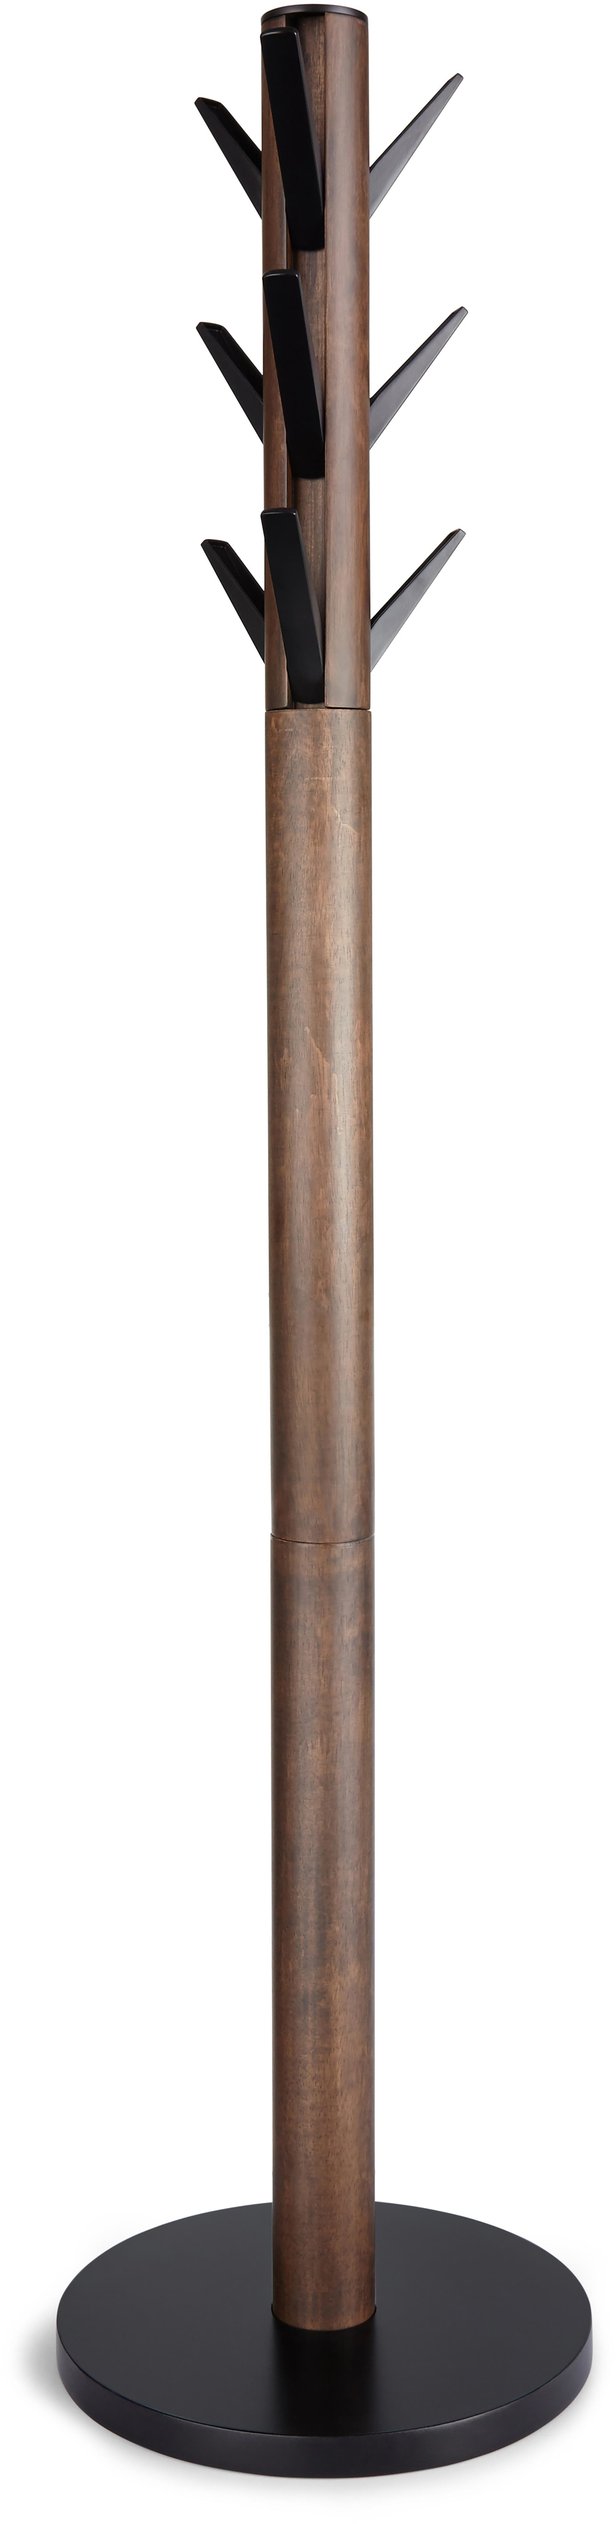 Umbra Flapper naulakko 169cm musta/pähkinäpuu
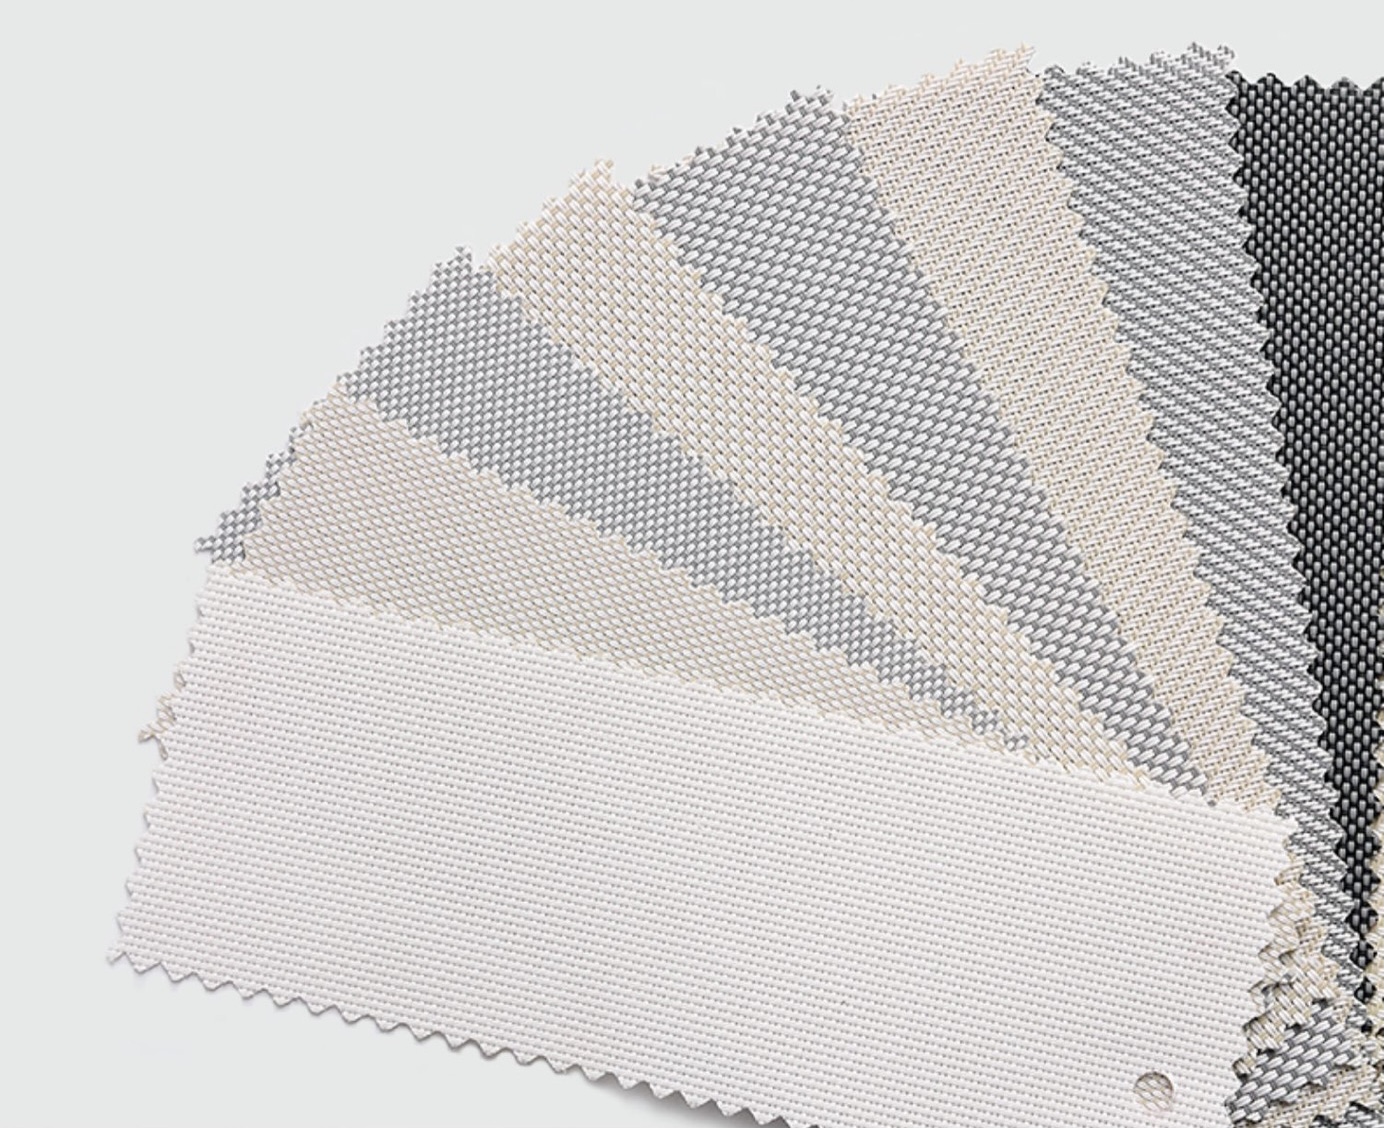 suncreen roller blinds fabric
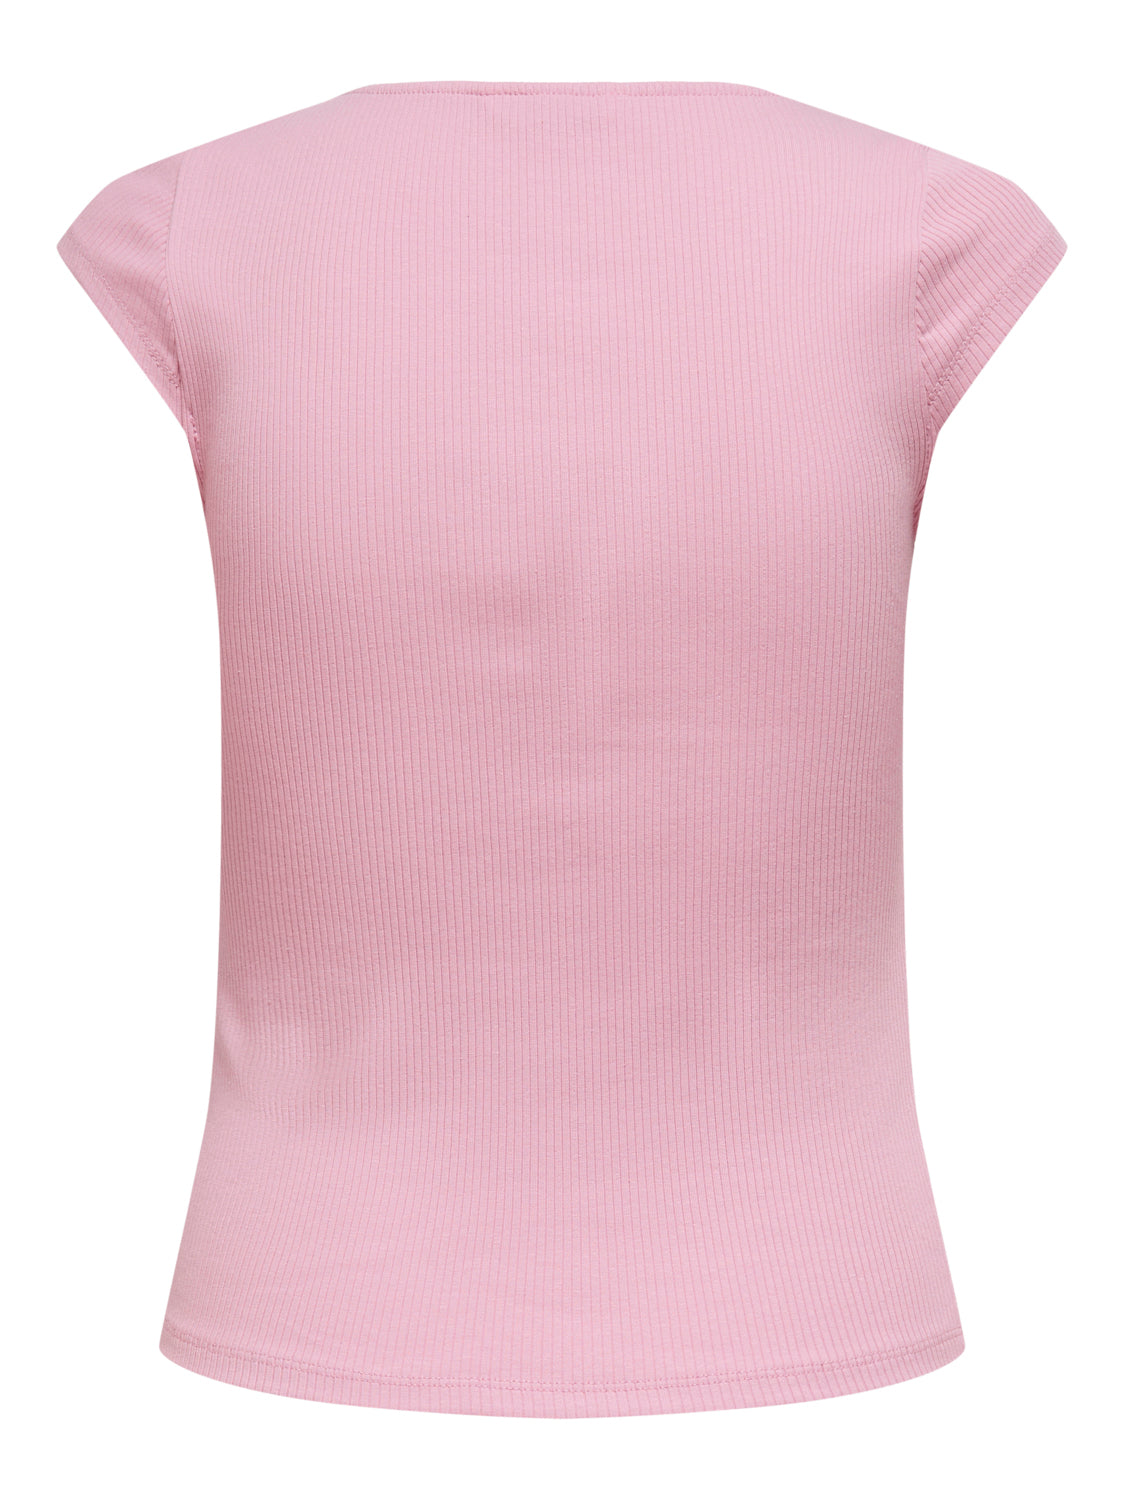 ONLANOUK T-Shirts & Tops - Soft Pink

TASK TO COMPLETE :: Except for the pictures, print the data above exactly.

EXERCISE RESPONSE ::
 Umbra Flapper naulakko 169cm musta/pähkinäpuu
 suncreen roller blinds fabric
 ONLANOUK T-Shirts & Tops - Soft Pink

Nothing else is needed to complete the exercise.